Sentou-se no velho e ensebado sofá. Olhou para a entre coxas, onde repousava sob as calças seu flácido membro a incriminar sua incompetência. Frustrado, restou-lhe o controle remoto. Com força apontou em riste para o centro da tela da TV, apertando a tecla Power. Simultaneamente explode o som e a luz como se assim viesse de um trovão, de um relâmpago, resplandecendo e ofuscando seus olhos quase cegos. O locutor fala em grave locução ao seu ouvido quase mouco: — “O Imperador da Dinastia Ming, Hong Wu, é considerado o tirano mais intransigente e irracional da história chinesa. Mandou executar tantas pessoas que, durante seu reinado, os funcionários do governo tinham o hábito de dar o último adeus à família cada vez que era convocado para uma audiência matinal e, ao fim do dia, trocarem congratulações entre si por terem sobrevivido até a noite. A dinastia Chin queimou vivos muitos estudiosos a fim de suprimir o conhecimento e o confucionismo. E no ocidente civilizado, neste último século que nos precedeu, – sem incluir Hitler, que matou nas câmaras de gás mais de seis milhões de judeus – e o nosso tão aclamado e idolatrado, século XXI, um ser humano tem sido morto, legal ou ilegalmente a cada vinte segundos. Este índice é três vezes maior que os primeiros cinquenta anos do século passado.” — Deusdete cansou-se do comentário. Desligou a TV.

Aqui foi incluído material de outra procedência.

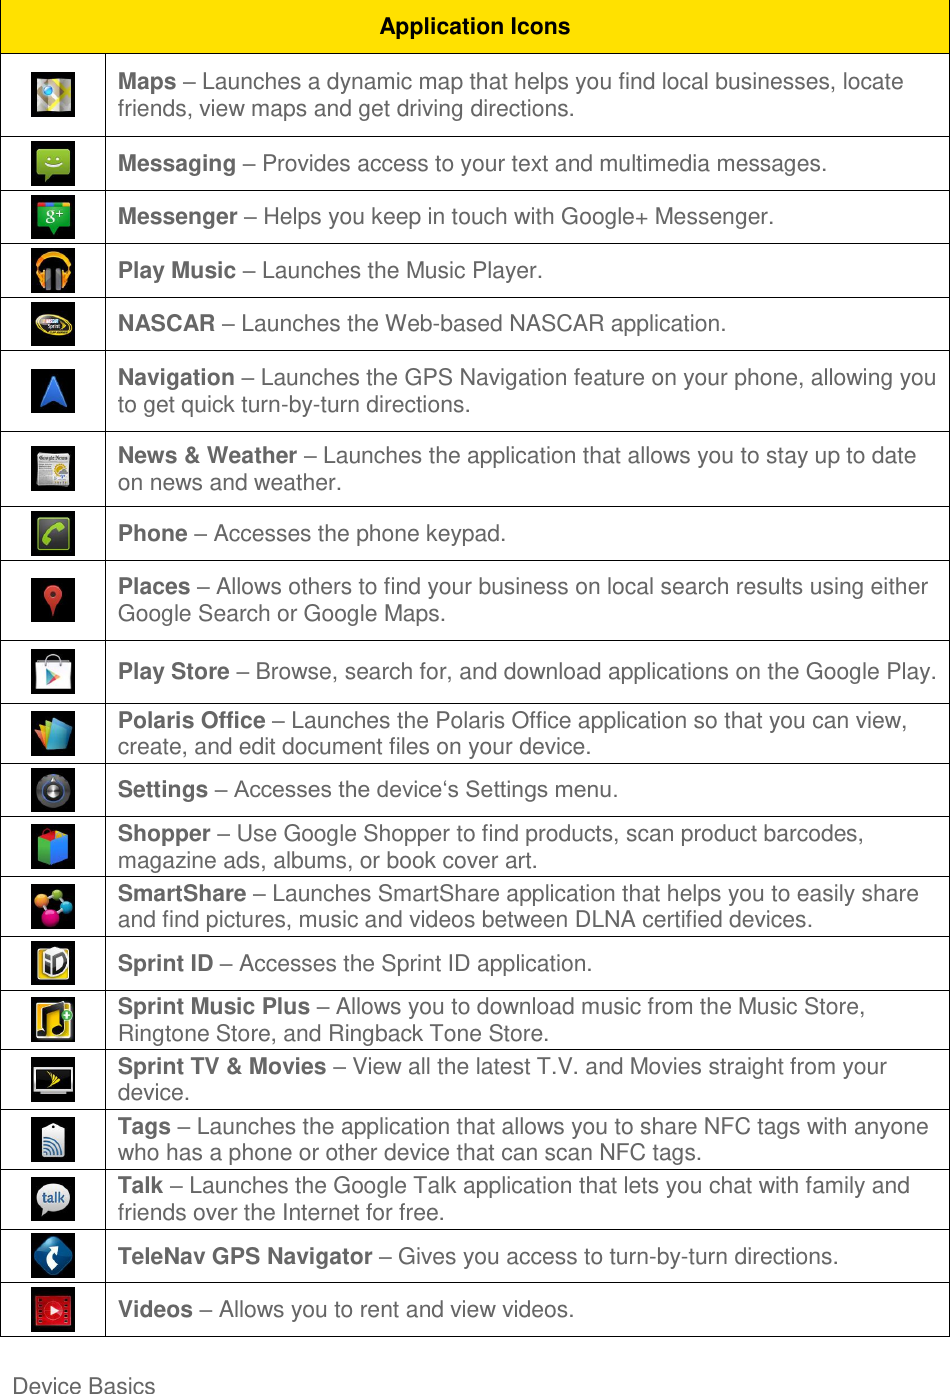 Device Basics     Application Icons  Maps  Launches a dynamic map that helps you find local businesses, locate friends, view maps and get driving directions.  Messaging  Provides access to your text and multimedia messages.  Messenger  Helps you keep in touch with Google+ Messenger.  Play Music  Launches the Music Player.  NASCAR  Launches the Web-based NASCAR application.  Navigation  Launches the GPS Navigation feature on your phone, allowing you to get quick turn-by-turn directions.  News &amp; Weather  Launches the application that allows you to stay up to date on news and weather.  Phone  Accesses the phone keypad.  Places  Allows others to find your business on local search results using either Google Search or Google Maps.  Play Store  Browse, search for, and download applications on the Google Play.  Polaris Office  Launches the Polaris Office application so that you can view, create, and edit document files on your device.  Settings    Shopper  Use Google Shopper to find products, scan product barcodes, magazine ads, albums, or book cover art.  SmartShare  Launches SmartShare application that helps you to easily share and find pictures, music and videos between DLNA certified devices.  Sprint ID  Accesses the Sprint ID application.  Sprint Music Plus  Allows you to download music from the Music Store, Ringtone Store, and Ringback Tone Store.  Sprint TV &amp; Movies  View all the latest T.V. and Movies straight from your device.  Tags  Launches the application that allows you to share NFC tags with anyone who has a phone or other device that can scan NFC tags.  Talk  Launches the Google Talk application that lets you chat with family and friends over the Internet for free.  TeleNav GPS Navigator  Gives you access to turn-by-turn directions.  Videos  Allows you to rent and view videos.

Virou a cabeça para o teto, observou o velho lustre de falso baccarat. Olhou em volta. No centro da mesa uma fileira de formigas caminhava em direção a um torrão de açúcar; sobre a toalha plástica de um branco encardido, uma fruteira de vidro embaçado de gordura compunha um singelo e mísero retrato de uma natureza morta: meia dúzia de bananas nanicas maduradas, duas laranjas, dois caquis, uma manga e três limões. Repentinamente levantou-se, ligou a vitrola e escolheu um Long Play e escutou: “Jesus Alegria dos Homens”, em seguida as “Quatro Estações”, ouviu a “Primavera”. Cansou e quis ouvir Nelson Gonçalves, depois Ângela Maria, por fim, pois Luiz Gonzaga cantando “Luar do Sertão”. Enfastiado desligou o aparelho.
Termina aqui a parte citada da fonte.